As James makes his way through the process of rehab he’s met with an assortment of characters, some stand out while others are stereotypes. Juliette Lewis is completely thrown to the side as the resident psychologist, Hunnam isn’t able to make anything of his three scenes and Odessa Young does alright work as James’ love interest while in the facility. Always a welcome presence, Dash Mihok brings some real soul to his performance as Frey’s group supervisor, and Billy Bob Thornton is quite good as Leonard, an amiable father figure to James whose happy-go-lucky attitude hides a history of violence. Aaron Taylor-Johnson works hard to hint at all the deep-seated pain the film doesn’t make much time to explore, but the scenes between Frey and Leonard only expose how blank and underwritten that deep-seated pain is. But as A Million Little Pieces chugs along the focus of it all only gets more out of whack, so determined to push towards a nice little story of a man hitting bottom and strangers lifting him up, that even the part where Frey discover his “gift” for writing is rushed and inconclusive.
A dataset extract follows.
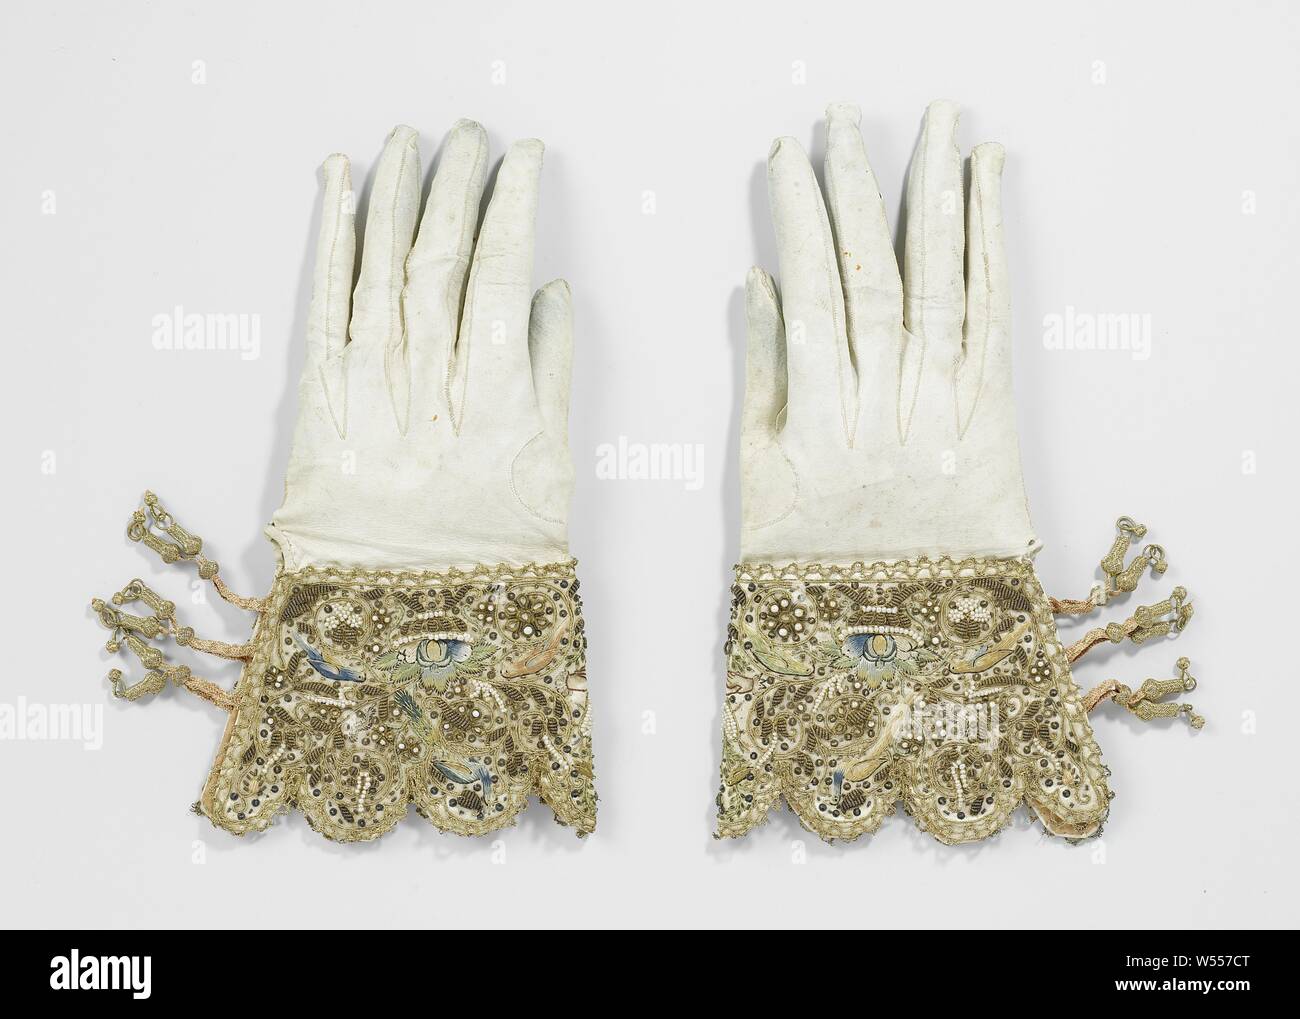 Un par de guantes de boda, Izquierda de guante blanco nupcial Wax Leather,  ricamente bordada, caps. Bordes encapuchados. Cerrado con tres pares de  bandas de encaje rosa, sobre la cual se desliza

It may not have been wrong to make a straightforward adaptation of A Million Little Pieces, but this movie makes the approach seem even worse than that: It makes it seem practically pointless. No matter how tantalizing A Million Little Pieces could have been, it’s ultimately a rather dull, generic and just not very noteworthy variation on a story we’ve seen plenty of times before, but with more insight and panache.